# mcp-json-yaml-toml
## What This Is
An MCP (Model Context Protocol) server that gives AI assistants the ability to query and modify JSON, YAML, and TOML configuration files. It uses yq as the underlying transformation engine, runs 100% locally with no API keys, and preserves file formatting (comments, anchors, structure) during edits.

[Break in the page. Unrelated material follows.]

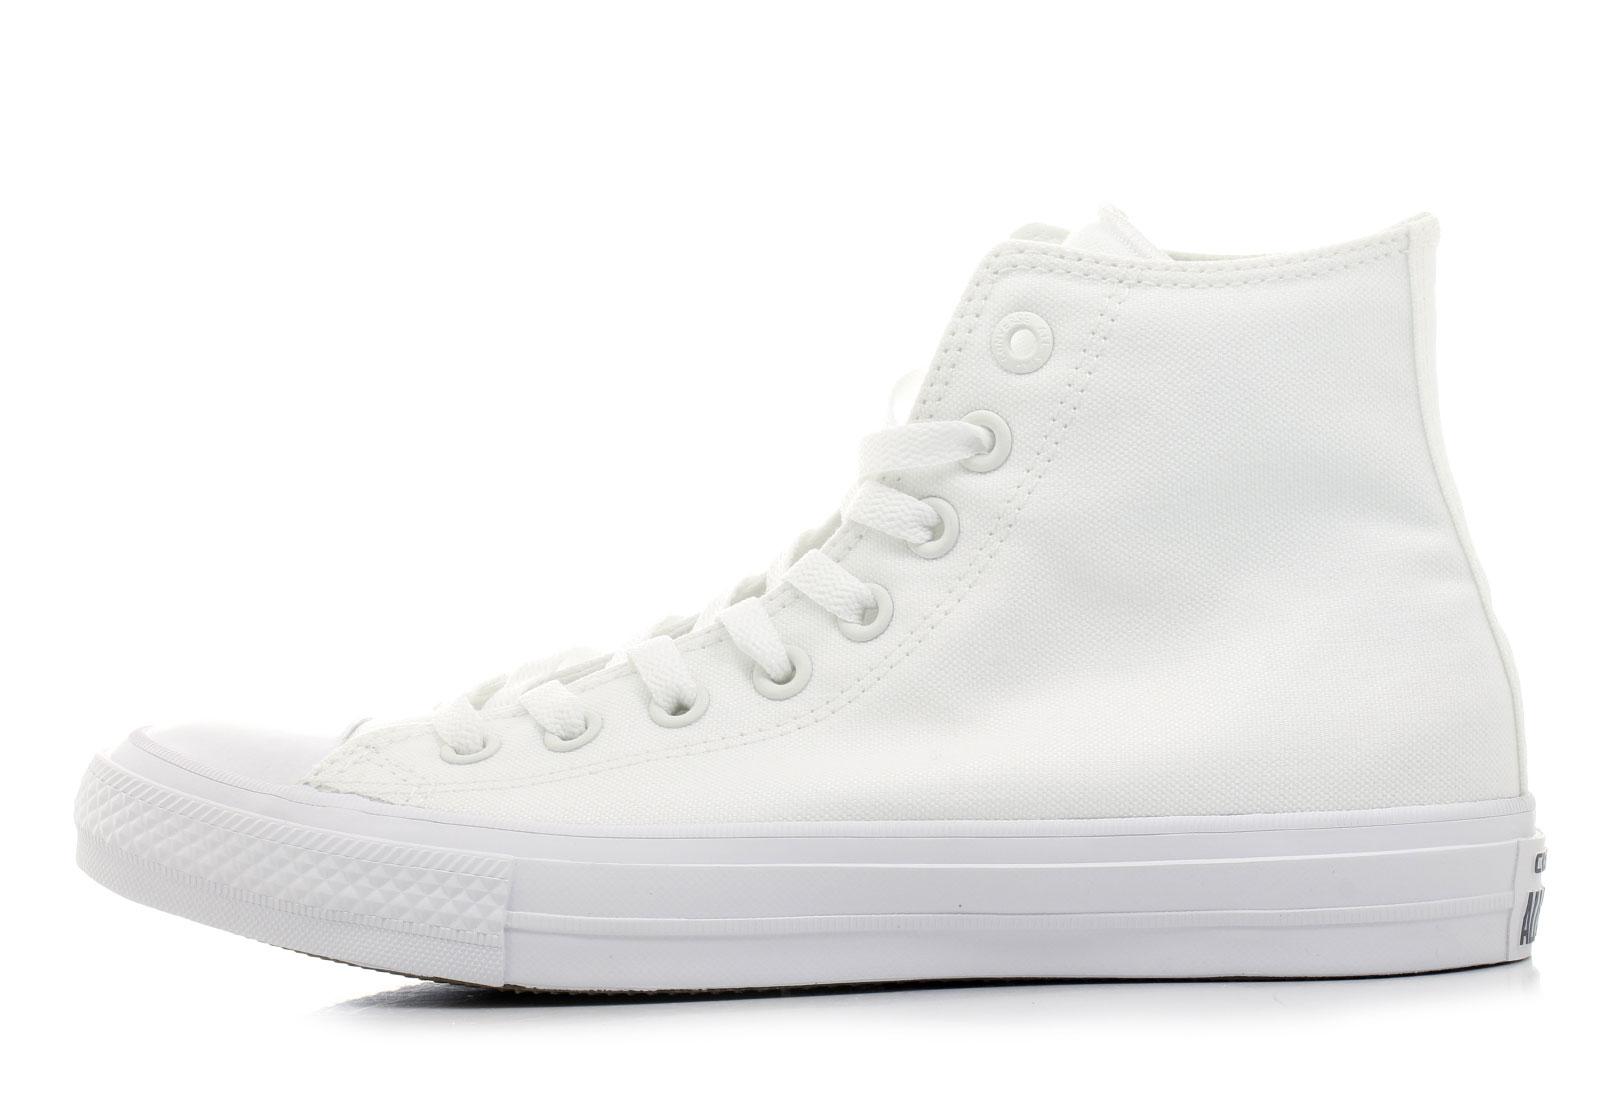 Converse Visoke Cipele Bijele Tenisice - Chuck Taylor All Star II ... 86c58a10130

Published on PyPI and deployed in production.
## Core Value
AI assistants can safely read and modify structured configuration files without destroying formatting, comments, or file structure.
## Requirements
### Validated
- ✓ Unified data tool for CRUD operations on JSON/YAML/TOML files — v1.0
- ✓ data_query tool for read-only yq expression evaluation — v1.0
- ✓ data_schema tool for JSON Schema discovery and validation — v1.0
- ✓ data_convert tool for format conversion between JSON/YAML/TOML — v1.0
- ✓ data_merge tool for deep merging files — v1.0
- ✓ data_diff tool for structured cross-format config comparison — v1.0
- ✓ Format-preserving edits via ruamel.yaml and tomlkit — v1.0
- ✓ Cursor-based pagination for large results (10KB chunks) — v1.0
- ✓ LMQL constraint validation for AI-safe structured output — v1.0
- ✓ Schema catalog integration with SchemaStore.org and IDE schema discovery — v1.0
- ✓ Cross-platform yq binary management with version-aware caching — v1.0
- ✓ YAML anchor optimization detecting and creating anchors for duplicate structures — v1.0
- ✓ MCP resources exposing constraint definitions — v1.0
- ✓ MCP prompts for config analysis and improvement suggestions — v1.0
- ✓ Environment-based format enablement via MCP_CONFIG_FORMATS — v1.0
- ✓ Cross-platform CI (Linux, macOS, Windows) — v1.0
- ✓ Layered architecture: backends, formats, models, services, tools — v1.0
- ✓ FastMCP 3.x with structured output, timeouts, automatic threadpool — v1.0
- ✓ OpenTelemetry observability with optional SDK extras — v1.0
- ✓ Pydantic response models with DictAccessMixin backward compat — v1.0
- ✓ JSON Schema Draft 2020-12 default validator — v1.0
- ✓ Service handlers return typed Pydantic response models — v1.1
- ✓ DRY violations eliminated (format-enable-check, TOML fallback, file path resolution) — v1.1
- ✓ Exception patterns use specific catches, not broad except Exception — v1.1
- ✓ binary_manager.py uses logging module instead of print() to stderr — v1.1
- ✓ data_operations.py split into focused service modules (SRP) — v1.1
- ✓ schemas.py split into focused sub-modules — v1.1
- ✓ Production imports migrated off deprecated yq_wrapper.py shim — v1.1
- ✓ config.py caches parsed environment configuration — v1.1
- ✓ Test suite uses behavioral naming and tests public API — v1.1
- ✓ Edge case coverage added: permissions, malformed input, resource cleanup — v1.1
### Active
#### M3 Logging & Validation
- [ ] Replace stdlib logging with loguru across the entire codebase
- [ ] Schema validation returns JSON path, validator keyword, and all errors (not first-only)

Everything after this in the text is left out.